The answer must be every line below that holds the word "TDWebinars".

● Input data:

=== Section Start ===

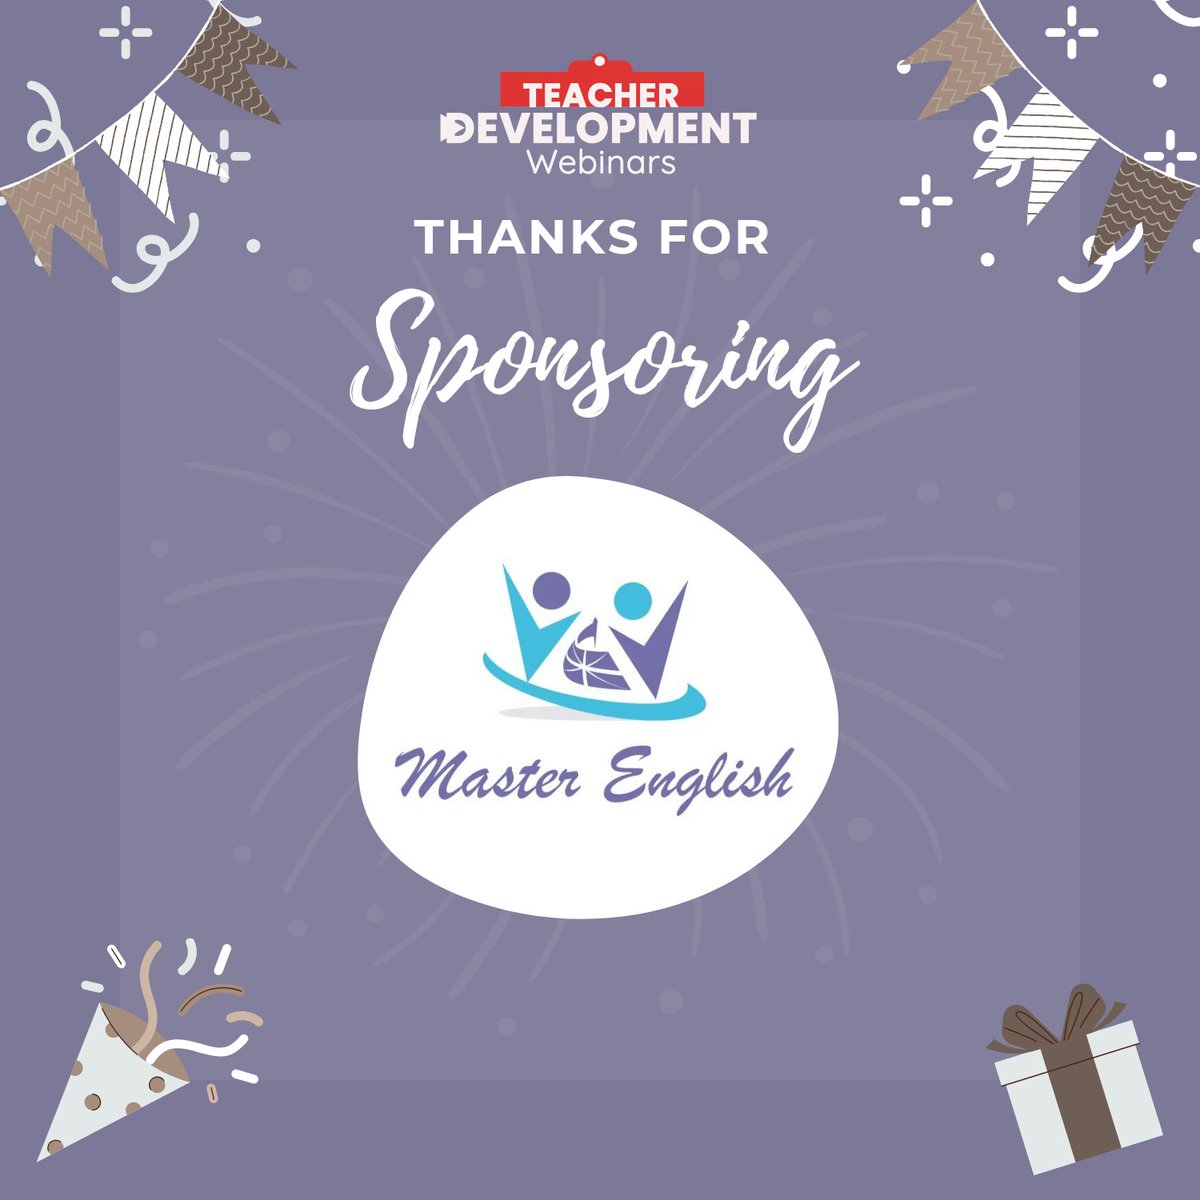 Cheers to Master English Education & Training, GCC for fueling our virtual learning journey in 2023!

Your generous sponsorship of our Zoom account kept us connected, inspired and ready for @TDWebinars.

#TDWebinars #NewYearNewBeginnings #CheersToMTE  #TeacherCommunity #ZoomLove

=== Section End ===
=== Section Start ===

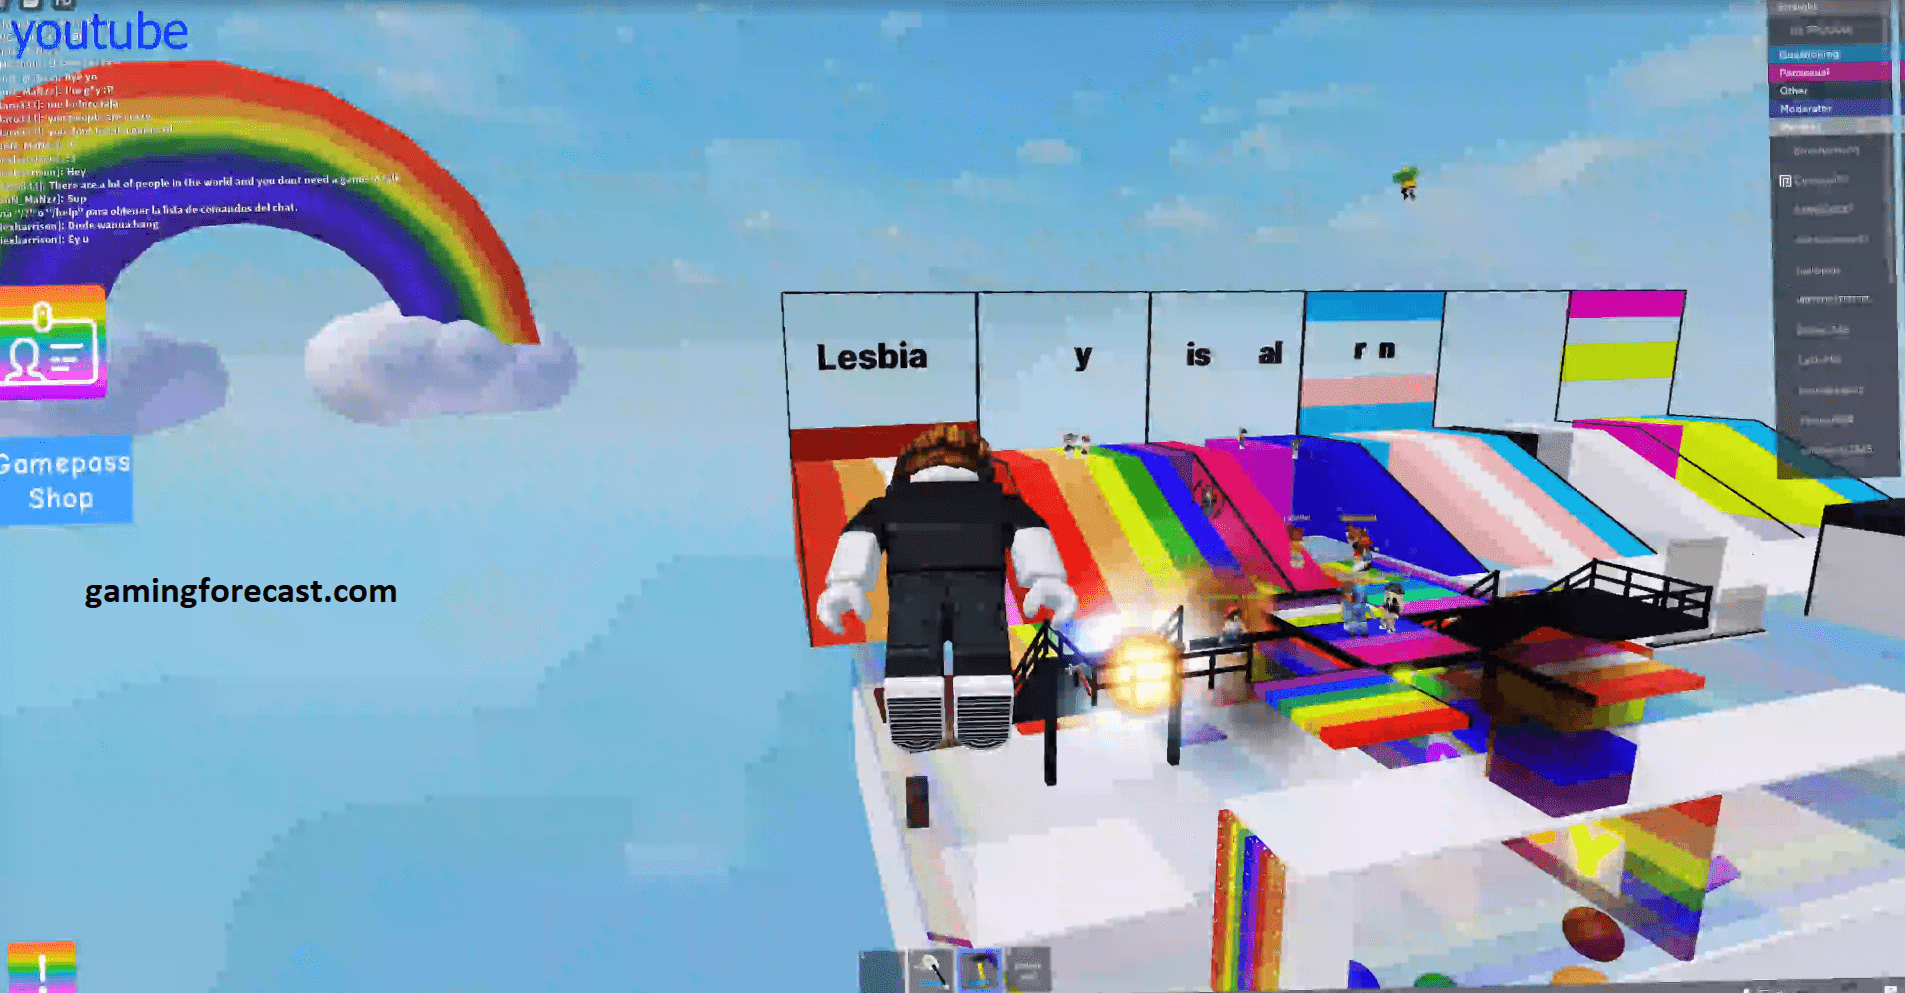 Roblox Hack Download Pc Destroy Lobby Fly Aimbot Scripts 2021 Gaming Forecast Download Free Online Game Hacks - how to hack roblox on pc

=== Section End ===
=== Section Start ===

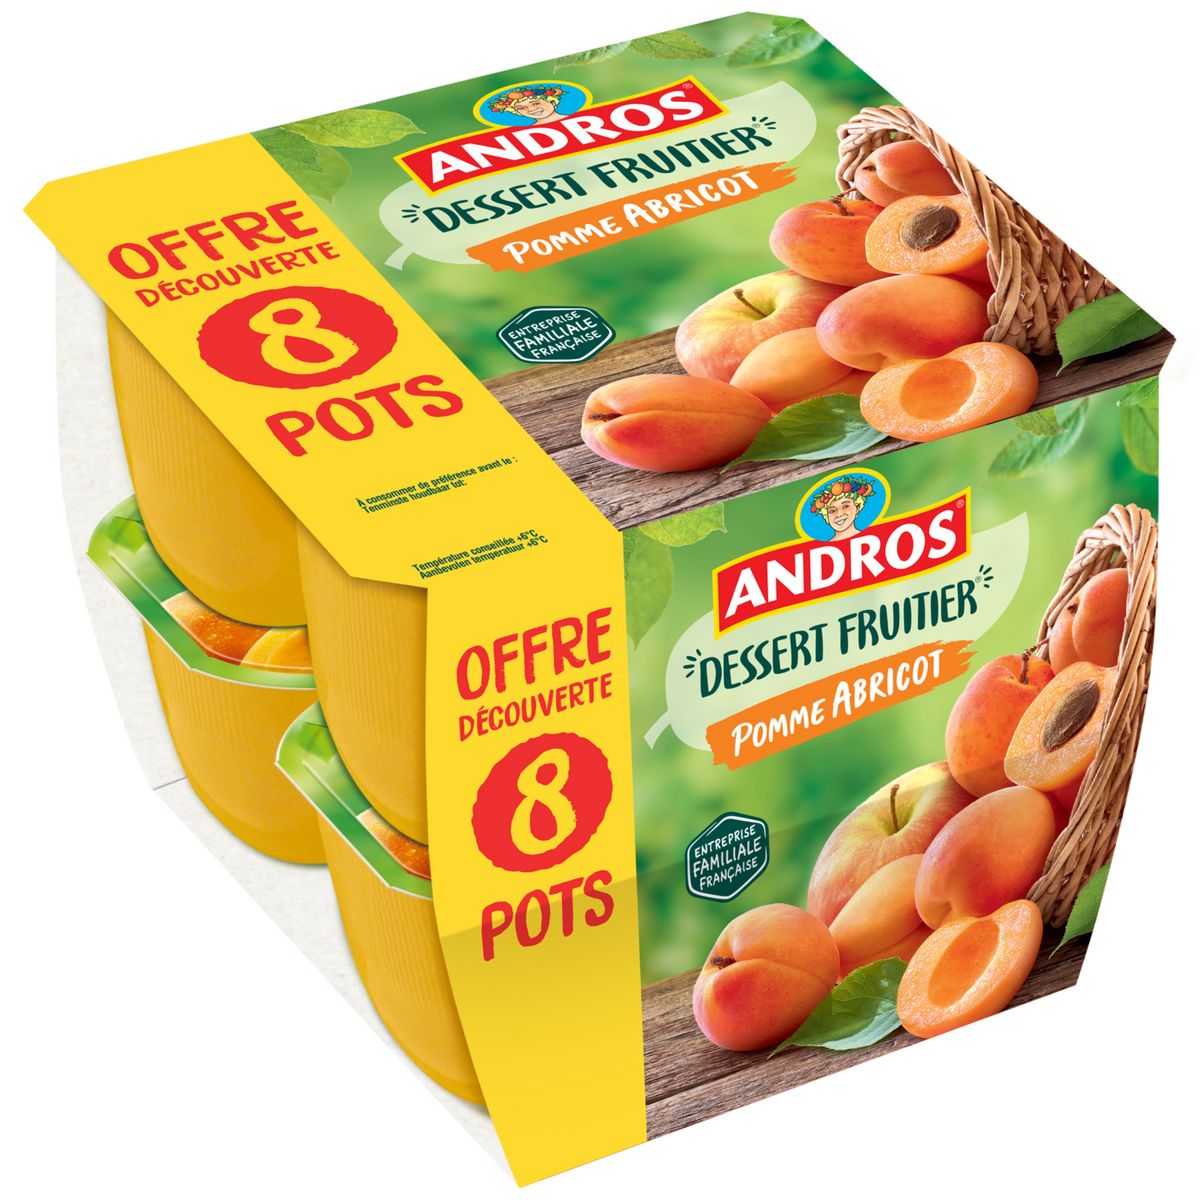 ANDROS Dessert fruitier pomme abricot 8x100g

=== Section End ===

● Solution:
Your generous sponsorship of our Zoom account kept us connected, inspired and ready for @TDWebinars.
#TDWebinars #NewYearNewBeginnings #CheersToMTE  #TeacherCommunity #ZoomLove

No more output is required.